I'm feeling a little hurt, right this second; like I need a good hug. Like I could cry and mourn my failed friendships and feel lonely. I feel really lonely. Essentially, I'm alone. I have to figure out my life all on my own, figure out the mistakes someone else made and right them for myself, figure out how to be an adult when I'm not really sure what that is anymore. I have to do that by myself, with no help from anyone, and I'm seriously feeling it. The last thing I need right now is someone to check-out on me because of something I can't name. The last thing I need is for a friend to just stop talking when what I need is to talk.

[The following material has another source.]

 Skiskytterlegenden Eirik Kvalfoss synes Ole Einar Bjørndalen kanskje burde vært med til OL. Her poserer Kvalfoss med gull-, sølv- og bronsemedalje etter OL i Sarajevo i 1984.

The last thing I need is to be abandoned yet again by someone who is supposed to love me.
And here it is.
Every time this happens to me, I get broken, I get hurt. I get all weepy and sad and my mom pours me a glass of wine and buys me a self-help book. I get all depressed and upset, because surely I'm the reason I have no real friends; surely it's me that's the problem; surely there's something wrong with me. I go inside, and I stay inside. I watch some Eddie Izzard, I laugh like I don't feel any thing but joy, I act cheerful and smile and call it okay, call it whatever. And on the inside, I feel hollow. I build up a nice, pretty, smiling facade on the outside. I quote Eddie and Python and laugh with people I wish would love me enough never to leave me, because I have a hole from where someone already has. I make it seem like I'm this tough little thing, fragile on the inside, but stone on the out. And I always smile, smile, smile. Laugh, laugh, laugh.
It makes me feel cheap.
I'm so tired of feeling hollow. About as tired as I am of being ignored by people who I have put time, love, and effort into. Whose company I cherish. Whose friendship is one of my very few lifelines.
I'm tired of sobbing and calling myself a problem, a failure, a fuck-up.

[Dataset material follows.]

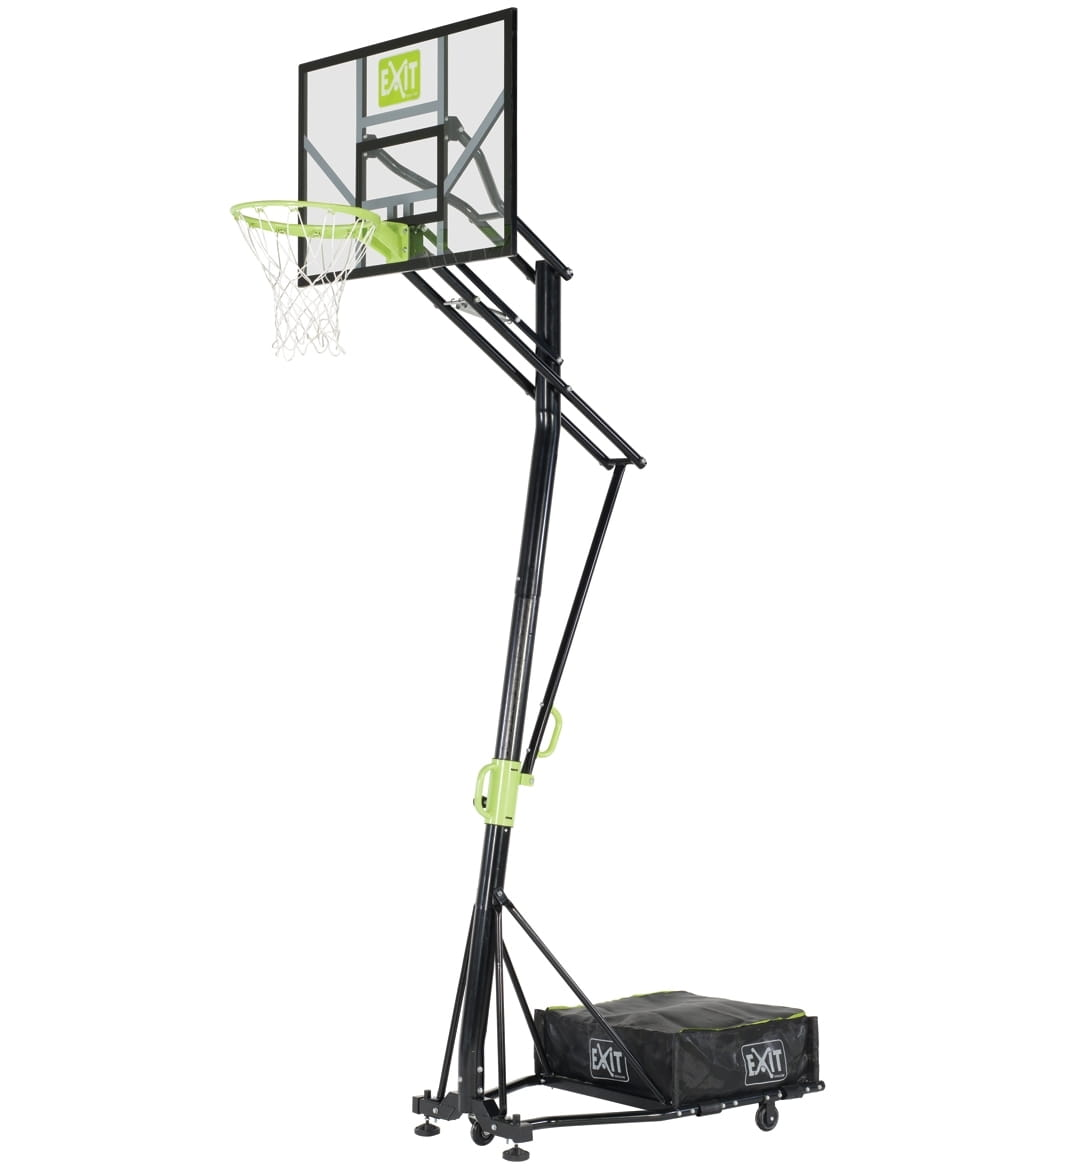 Передвижная баскетбольная система EXIT

I'm tired of people fucking off, because they can't face their emotions.
I don't deserve to be put on the back burner. I don't get to be benched. I've put in more effort into maintaining my friendships than any normal person should have to, because I want so much--too much--for them to stay strong.
I'm tired of being bruised and of being tentative about who I am or how I feel because I'm too scared to lose a friend.
I'm tired of being tired.
So, sorry, but today I get mad. Today, I say no more. You want to be my friend, you'd better fucking mean it. Because, I'll go through anything to get to you. If you aren't up to par, if you can't claim to do the same, if you think you'll drop me and disappear somewhere down the line...just don't fucking mess with me. I'm in it to win it, corny as it sounds. This is my fucking life, and I'm done being beaten down by my own self-confidence; I'm done thinking I'm not good enough; I'm done thinking there is something wrong.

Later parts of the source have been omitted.